2006年11月09日 | ART / CULTURE
ダリ回顧展が来年の1月4日まで上野の森美術館で開催されています。青森県内ではTVCMはやってないようですが、八戸市美術館で入手した「私はダリ?」のチラシをみて以来、何とかして行けないかと画策中。(…どうするか)

夏休みに青森、浪岡、弘前、八戸と美術館巡りをしたのですが、そこでみてきたシャガール、棟方志功、常田健(ついでに太宰治)らは第二次大戦中から戦後にかけて活動を続けた同時代人なんだなと漠然と感じていました。いわゆる二十世紀の巨匠。

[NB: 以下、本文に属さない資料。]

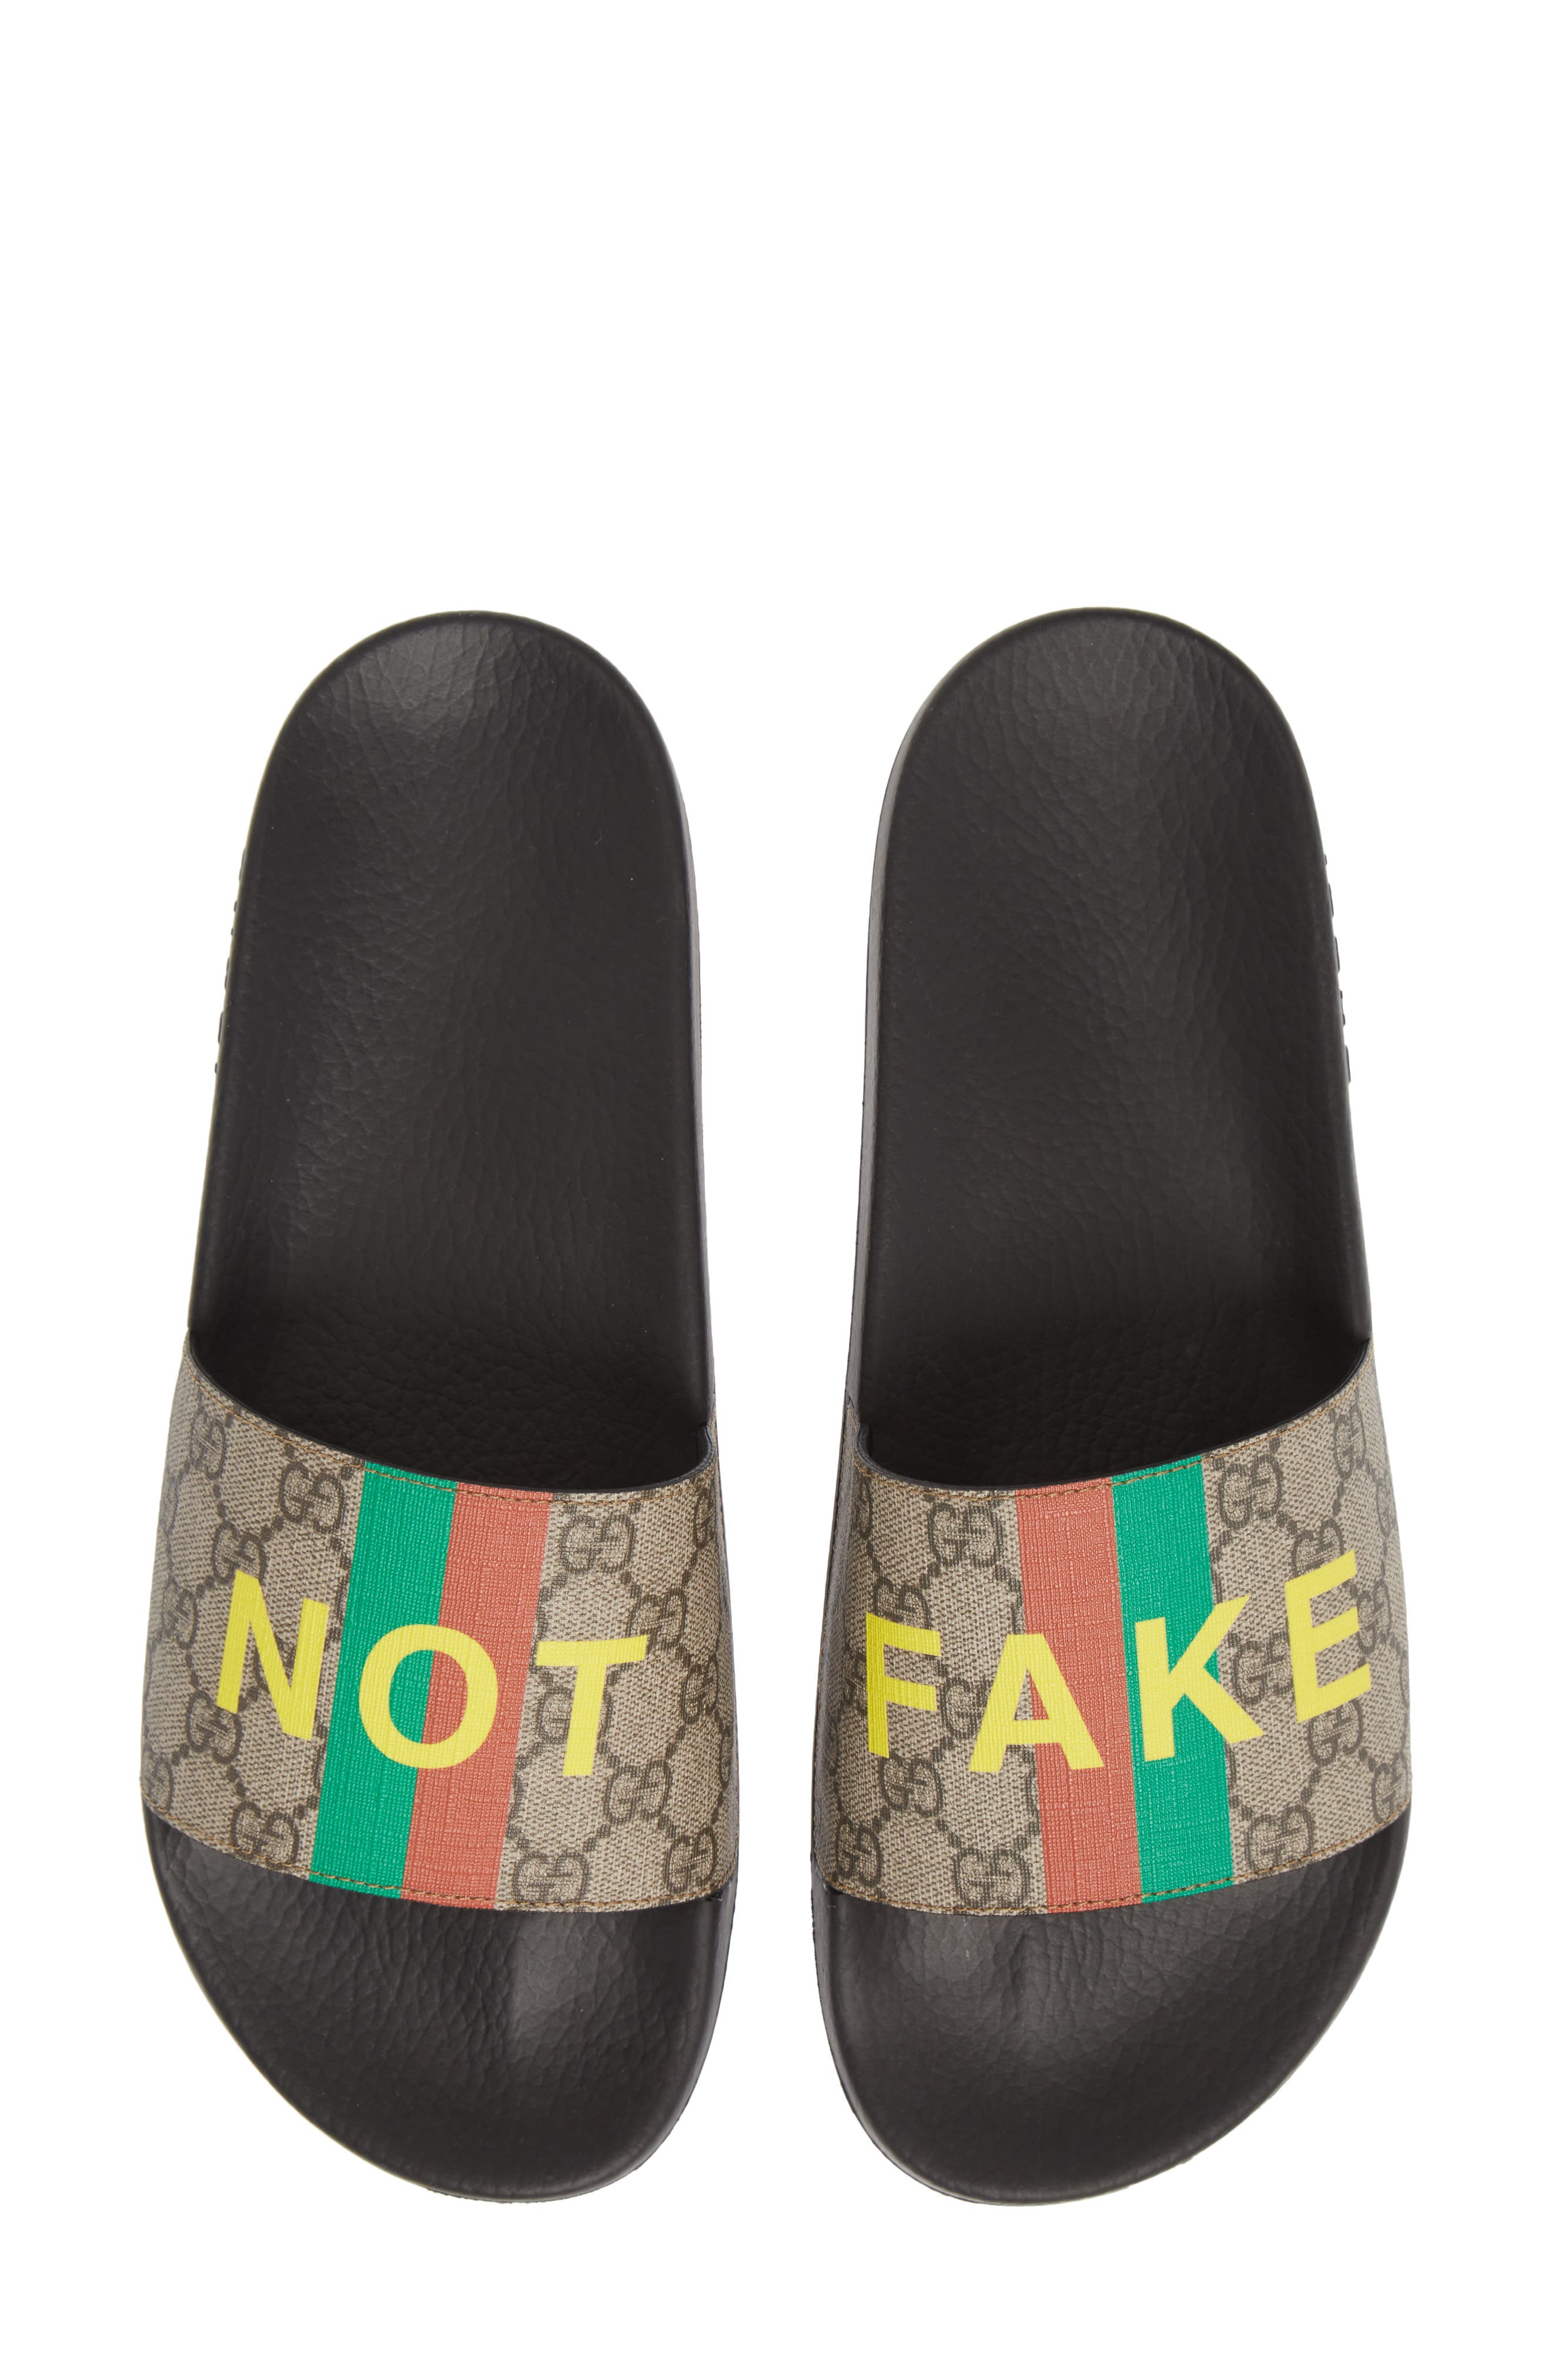 gucci sandals real vs fake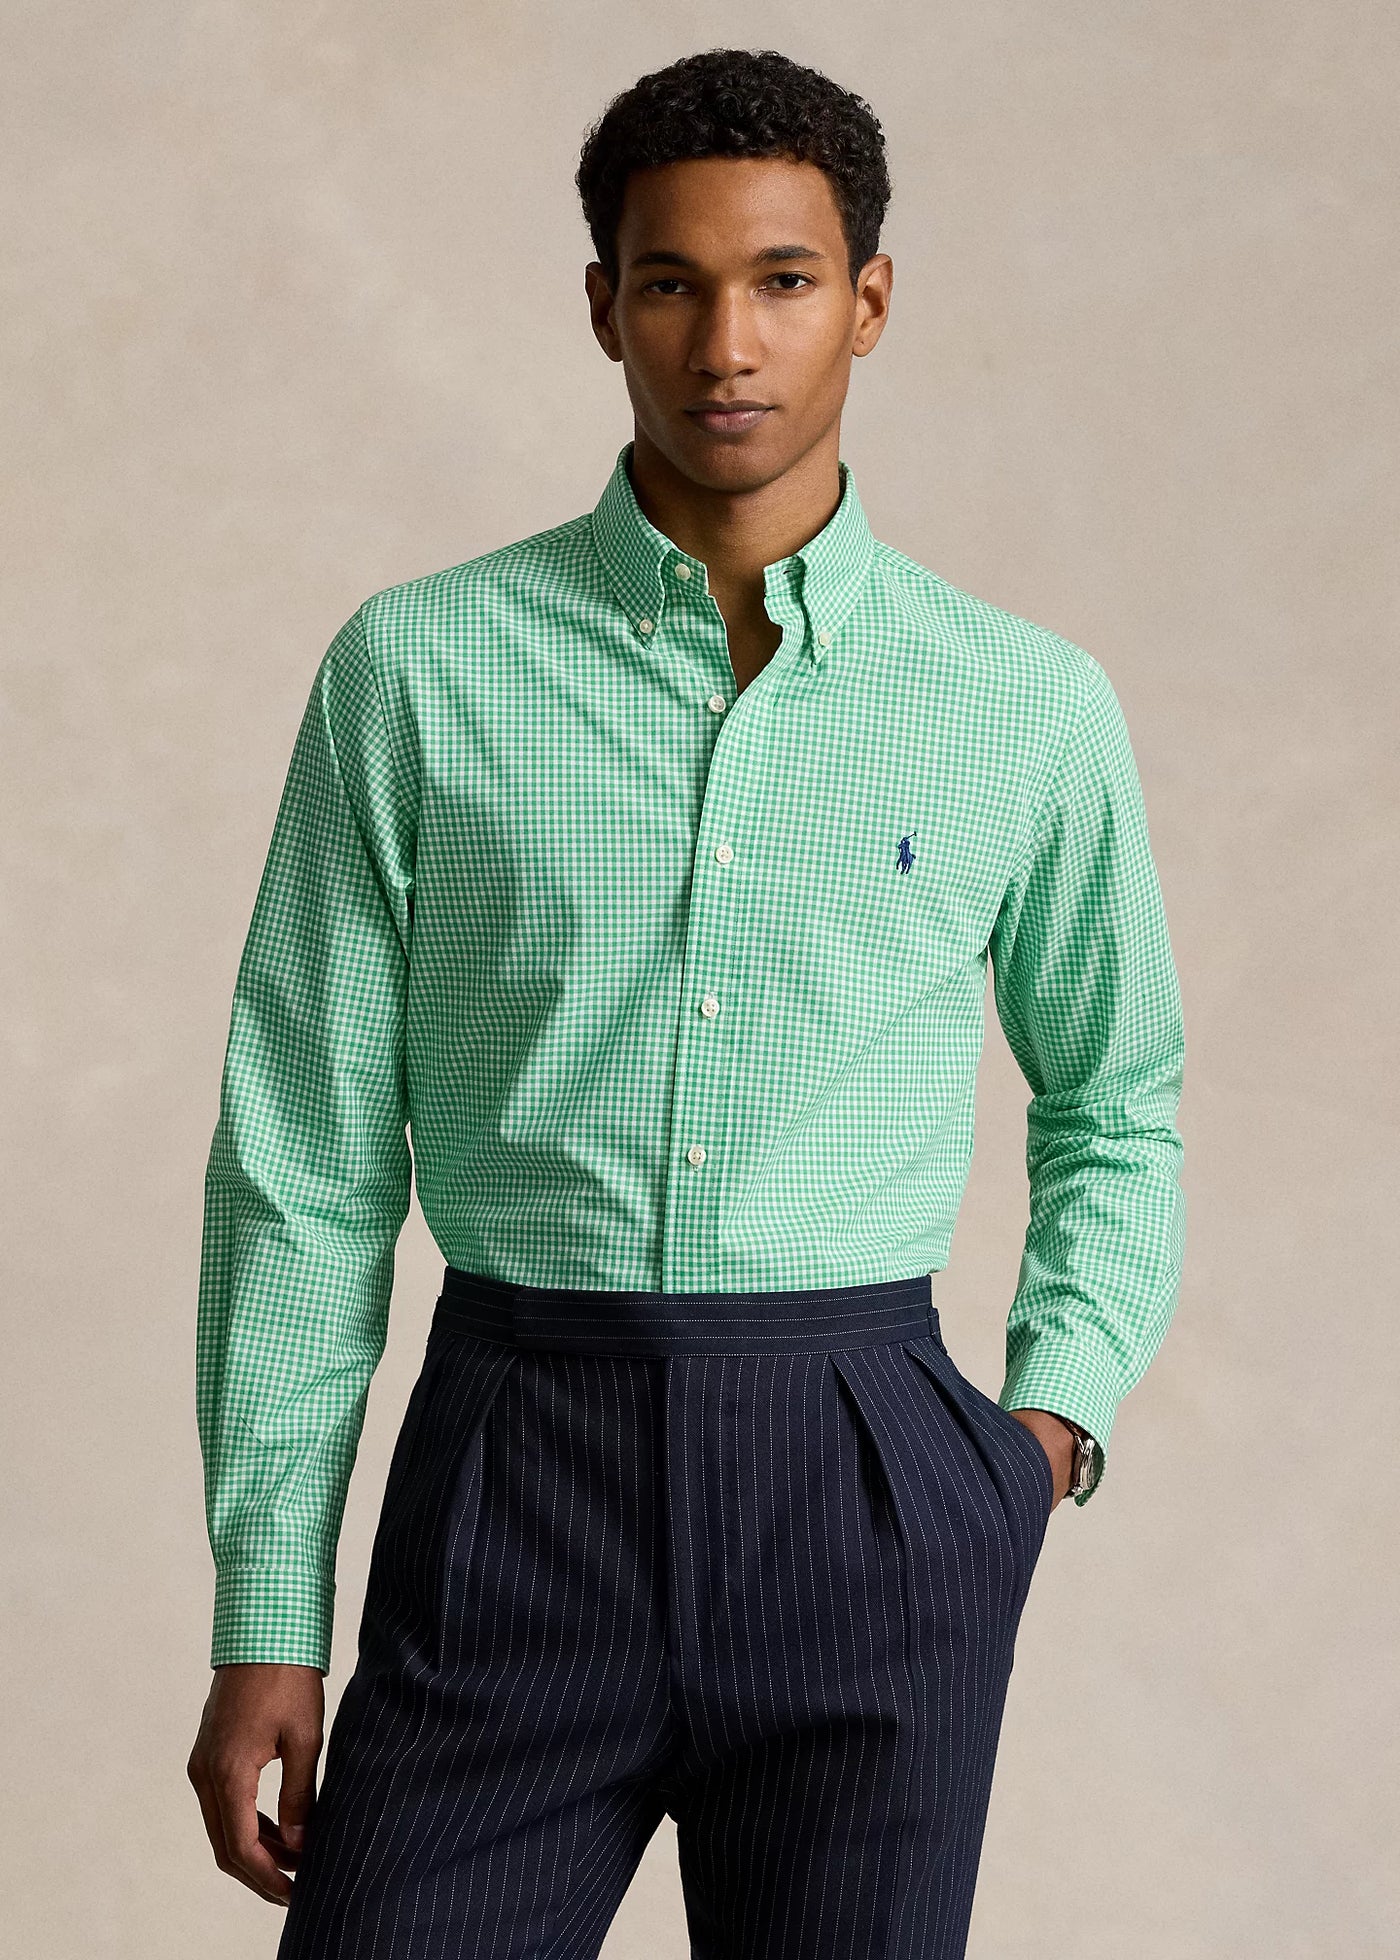 Ralph Lauren Custom Fit Gingham Stretch Poplin Shirt | Emerald/White

今回のダリも同じくらいかなと思って調べてみたのですが(下表)、こうやって比べてみると二十世紀の巨匠と言っても宮沢賢治までは十九世紀生まれ、ダリや志功、太宰は二十世紀生まれ(明治)で一回りかそれ以上違うということがわかってきました。【】内に1945年8月における年齢を書き出してみましたが、作者と時代背景、生み出した芸術などを理解する一助になるでしょうか。
単純に誰と誰が同じ年代なんだと気がつくだけでも個人的には面白い。
チャップリンとヒトラーは有名ですね(誕生日も4日しか違わない)。

二十世紀後半のプレスリー、ビートルズ以降は、巨匠と呼ばれる傑出した存在が生まれにくく、表現者(アーティスト)にとってオリジナルの創出が難しい時代に入ったのかもしれません。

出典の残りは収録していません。